*** Opening of Data section ***

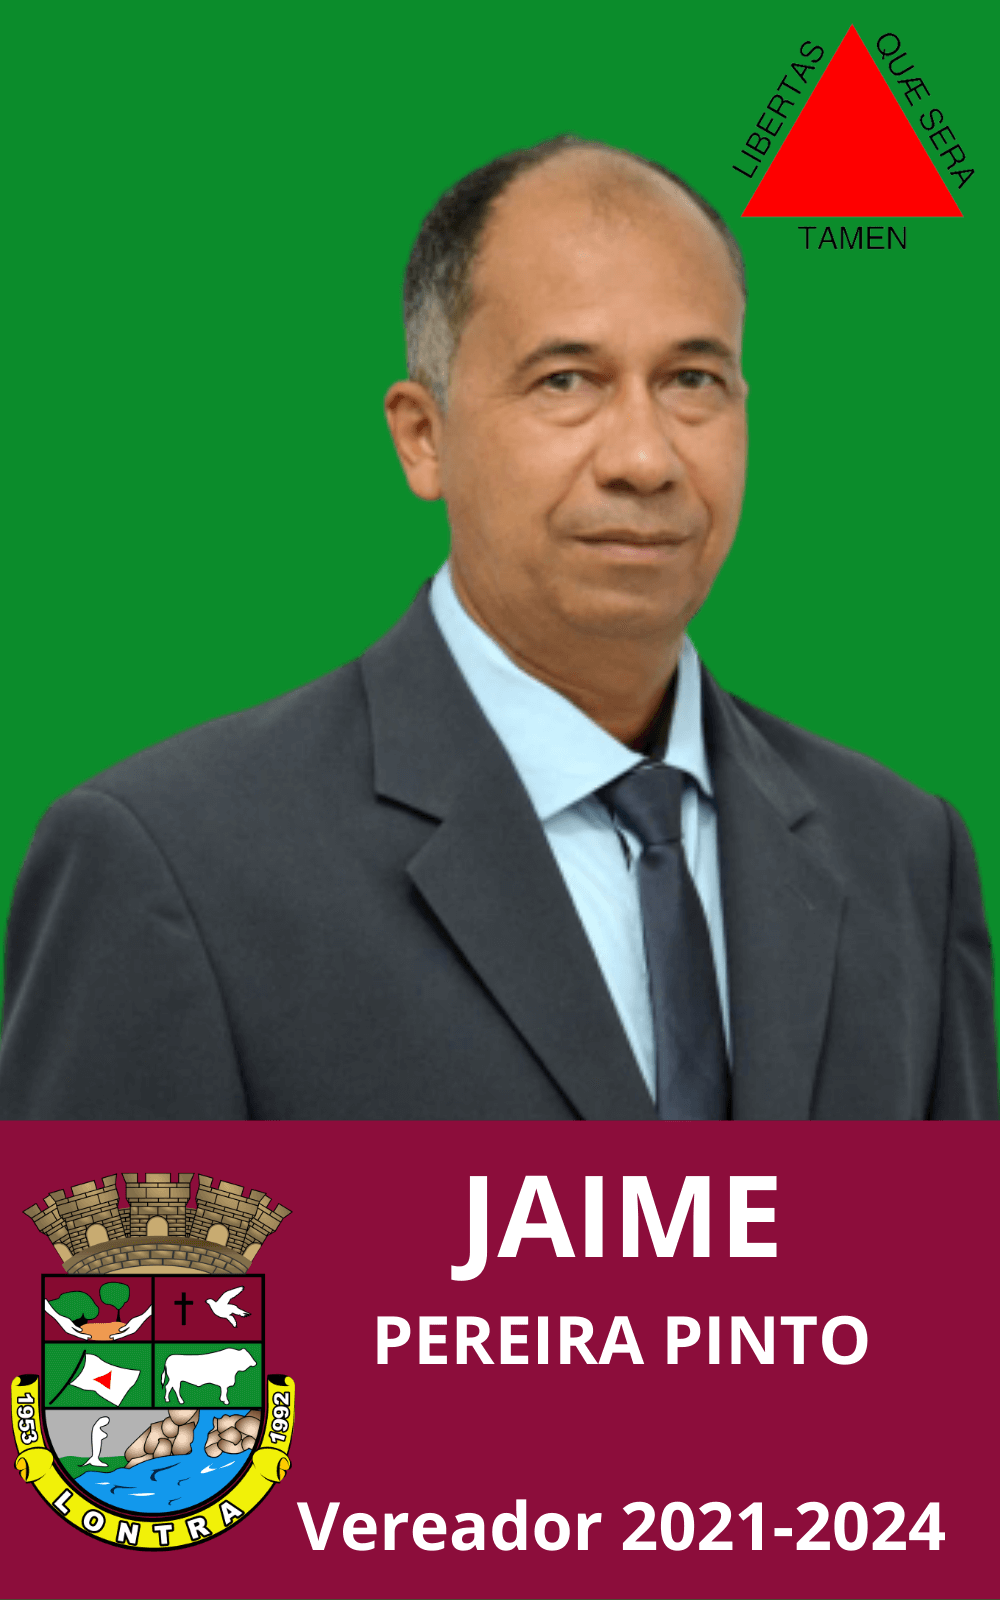 Jaime Pereira Pinto
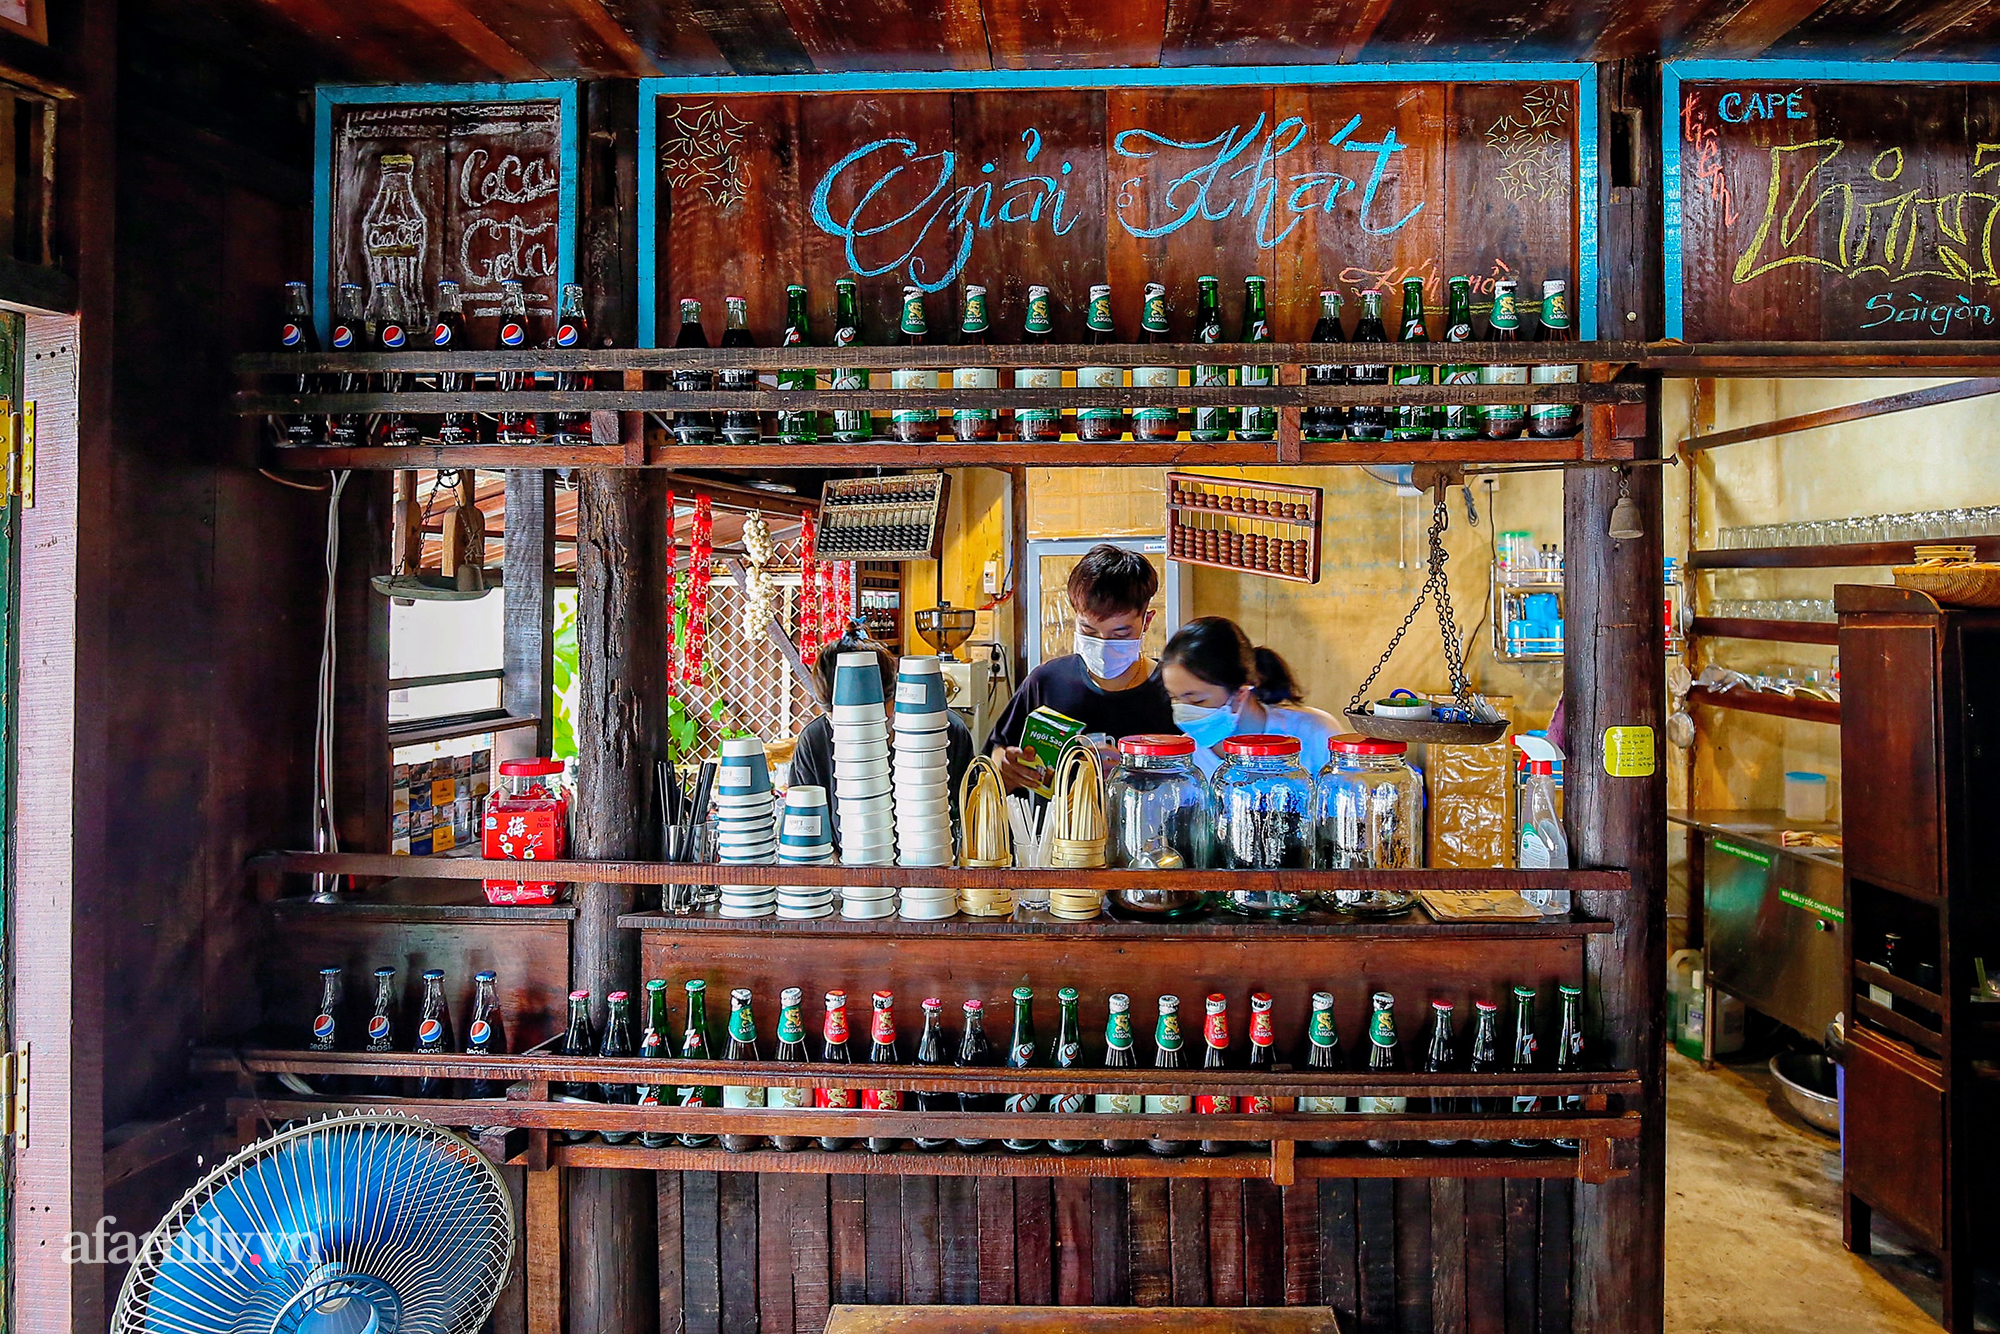 Giữa giao lộ đắt giá quận 1 bất thình lình xuất hiện quán cà phê đậm chất Sài Gòn xưa, hiện là nơi hot đến không tưởng, được check in khắp mạng xã hội - Ảnh 7.
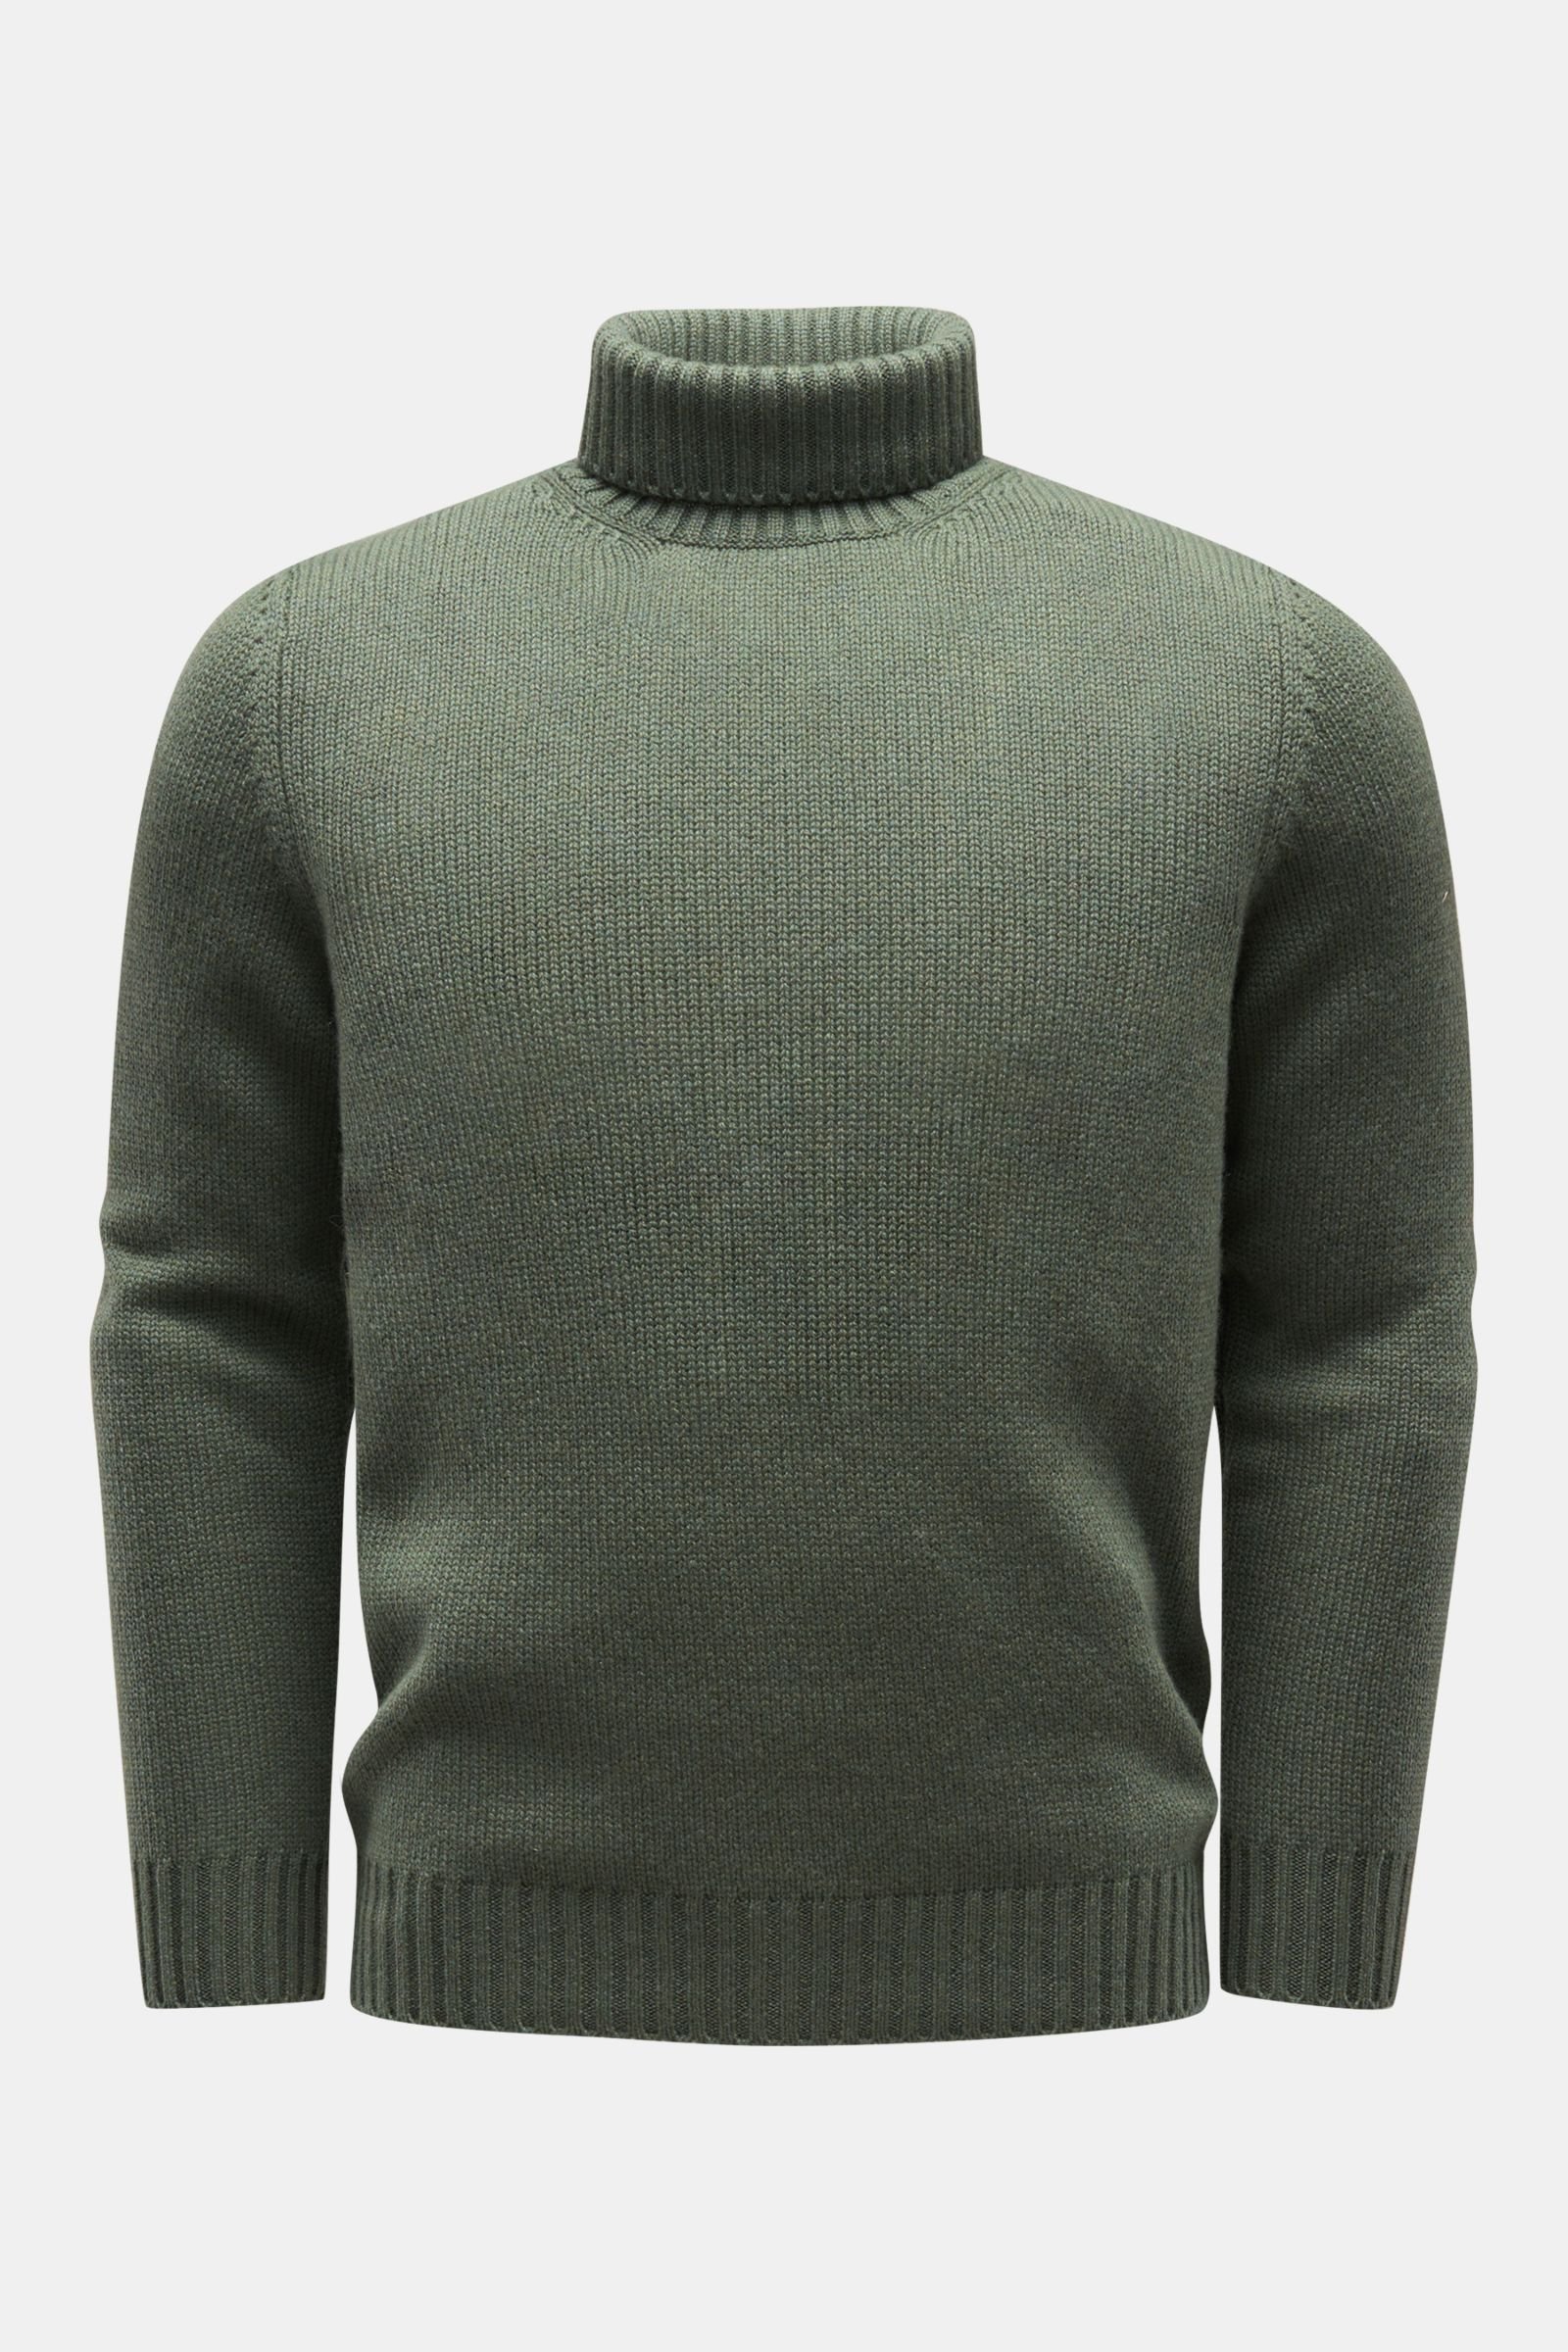 Cashmere turtleneck jumper grey-green

*** Close of Data section ***

Write out the whole listing verbatim, images excluded.

[Exercise output]:
 Jaime Pereira Pinto
 Giữa giao lộ đắt giá quận 1 bất thình lình xuất hiện quán cà phê đậm chất Sài Gòn xưa, hiện là nơi hot đến không tưởng, được check in khắp mạng xã hội - Ảnh 7.
 Cashmere turtleneck jumper grey-green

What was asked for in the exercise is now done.